Least Expected

misja

Misja Pec

For my third birthday, all I wanted was a chocolate cake. My mom promised me one, so I was excited for this grand delivery of layer upon layer of creamy chocolate covered in ribbons of icing. My whole family would be there with presents and kisses, singing “Happy Birthday” amid the streamers and balloons filling the air. I would finally feel like the princess I was destined to be. When the big day came, my mom plopped down a brown loaf with three tiny candles in front of me with a thud. There was no multi-tiered chocolate cake with towers of icing; there were no balloons, no streamers, no piles of gifts, and no one else in my family except my parents. In my three-year-old mind, everything was ruined.
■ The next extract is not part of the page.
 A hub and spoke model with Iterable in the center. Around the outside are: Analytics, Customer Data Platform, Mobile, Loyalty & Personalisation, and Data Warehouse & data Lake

Flash-forward 33 years later, and I’m sitting in my van with tears running down my face while I ice my ankle and lament my situation: It’s two days before my husband, Ben, and I are supposed to leave for a five-week climbing trip to Slovenia. My feet were about six feet off the ground on Change of Heart, a V6 in Bishop’s Buttermilks, when I jumped down and landed perfectly on the pads in a crouched position. A split second later, I lost my balance and tipped forward, my left foot twisting ever so slightly in an awkward direction. I felt a pop on the inside of my ankle and immediately grabbed it in pain. I quickly tried to walk it off only to realize that something was definitely wrong. Shock set in slowly, then mourning, denial, and grave disappointment, a similar process the mind goes through when someone dies. This was happening almost two years to the day after I broke my ankle (also bouldering in the Buttermilks) when my foot struck the ground between the pads, an injury that took me nearly three months to recover from.
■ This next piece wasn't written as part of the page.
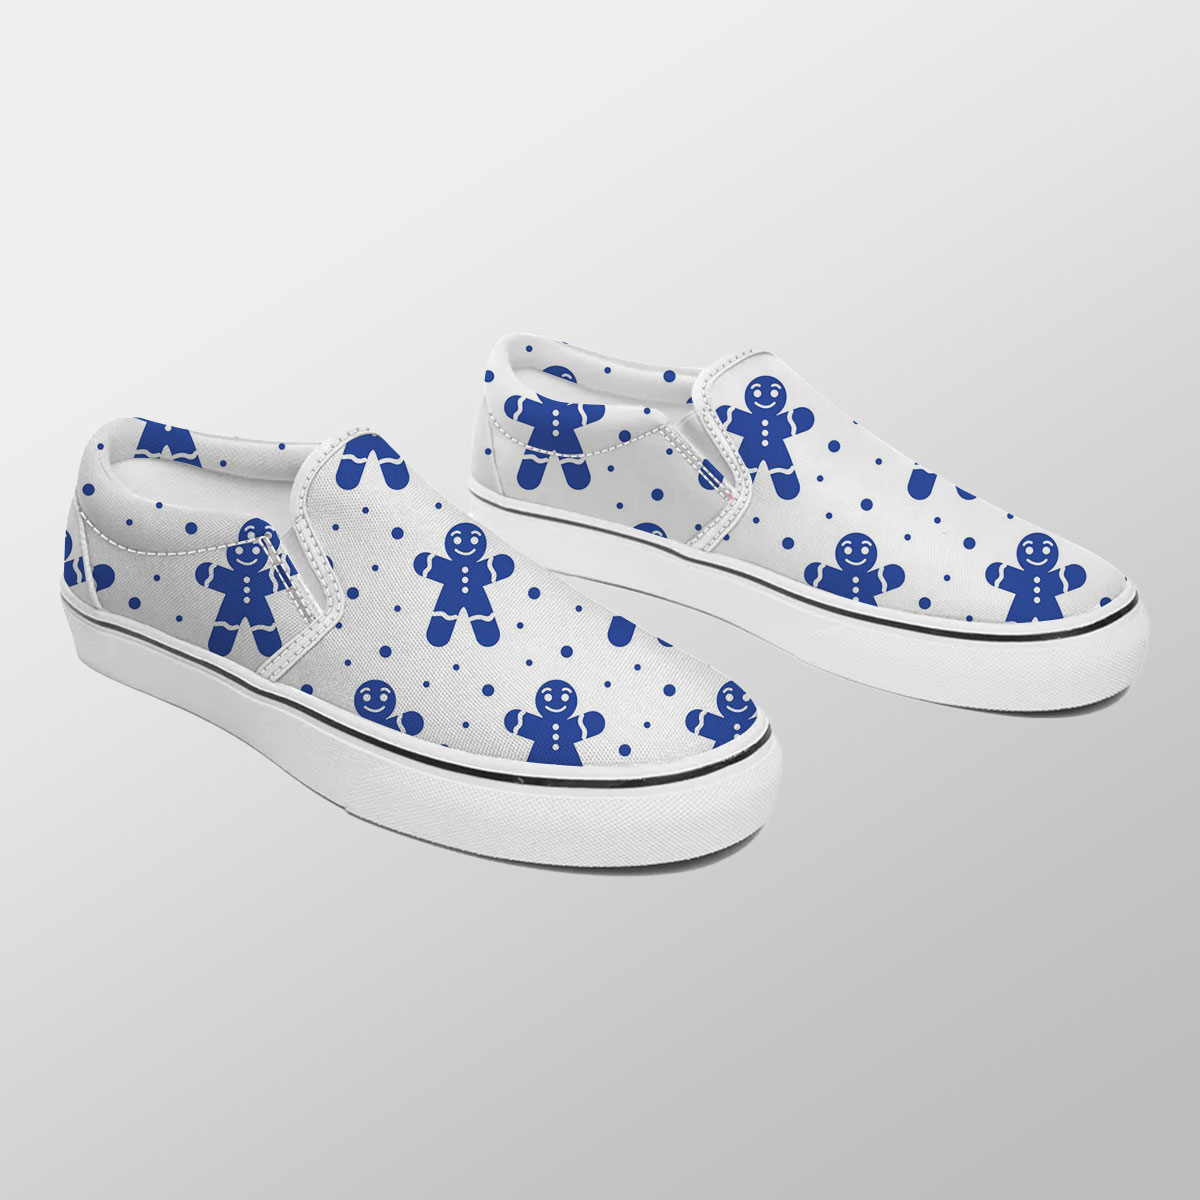 Christmas Gingerbread Man On The Light Background Slip On Sneakers

To add insult to injury (pun fully intended), this round of ankle problems happened when I wasn’t even supposed to be climbing hard. I was in taper mode following a life-consuming, 6-hours-a-day training regimen. For the past two months, Ben and I had been visiting family in Chattanooga, Tennessee, and training at the local gym. Every Monday through Thursday we devoted ourselves to training like it was our job. Wake up, yoga, breakfast, then head to the gym for cardio, weightlifting, climbing, hundreds of pull-ups, campusing, hangboarding, Frenchies, circuits, TRX, leg exercises, 4×4’s—and that’s all in a single session. We were sacrificing prime Southern conditions at the half-dozen world-class crags near Chattanooga to toil away inside. I had even trained through a nasty weeklong flu that had me otherwise bedridden with soup and hot tea.

training

Training for power

Our goal to dispatch projects quickly on fantastic Slovenian limestone seemed like it was slipping away. My ankle turned into a large purple onion while my mind filled with doubt. What if it’s broken? Will I be able to push off the notoriously glassy feet of Misja Pec? What would I do with my strongest body ever and a bum ankle? Should I stay in Bishop in our van, just limping along and waiting? Waiting for what exactly, I wasn’t sure.

Two days later I was being escorted via wheelchair through three different airports (surprisingly the smoothest travel experience of my life), and we were on our way. I was nervous for what lay ahead. I wanted to be supportive of Ben because he had put in just as much training effort and was looking really strong, but I was feeling sorry for myself. We arrived to consistent rain, but the thatched-roof villages mixed with pastures of sheep and rolling hills covered in fog were overwhelmingly enchanting. I tried to do some physical therapy and keep busy with yoga, writing, movies, and cooking, but things were moving so slowly that after a week there I was disappointed in everything. I wanted to be climbing, but I could barely walk to the base of the wall.

All those weeks of training, the anticipation, the excitement; it had all been for nothing. I thought about the missed opportunities and the what if’s, digging myself a great dark hole of emptiness and gloom. I crawled in that hole, piled all my grief on top, and sat there, alone. I felt like a fool, like a child, like a brat. I felt like that 3-year-old who denied her mom’s homemade bread.

A chance meeting between Ben and a shoulder surgeon at the crag one day led me to Slovenia’s top physiotherapist, who happened to live right down the street. I was doubtful—what on earth would make him so great, but I would do anything to get out of this hell hole.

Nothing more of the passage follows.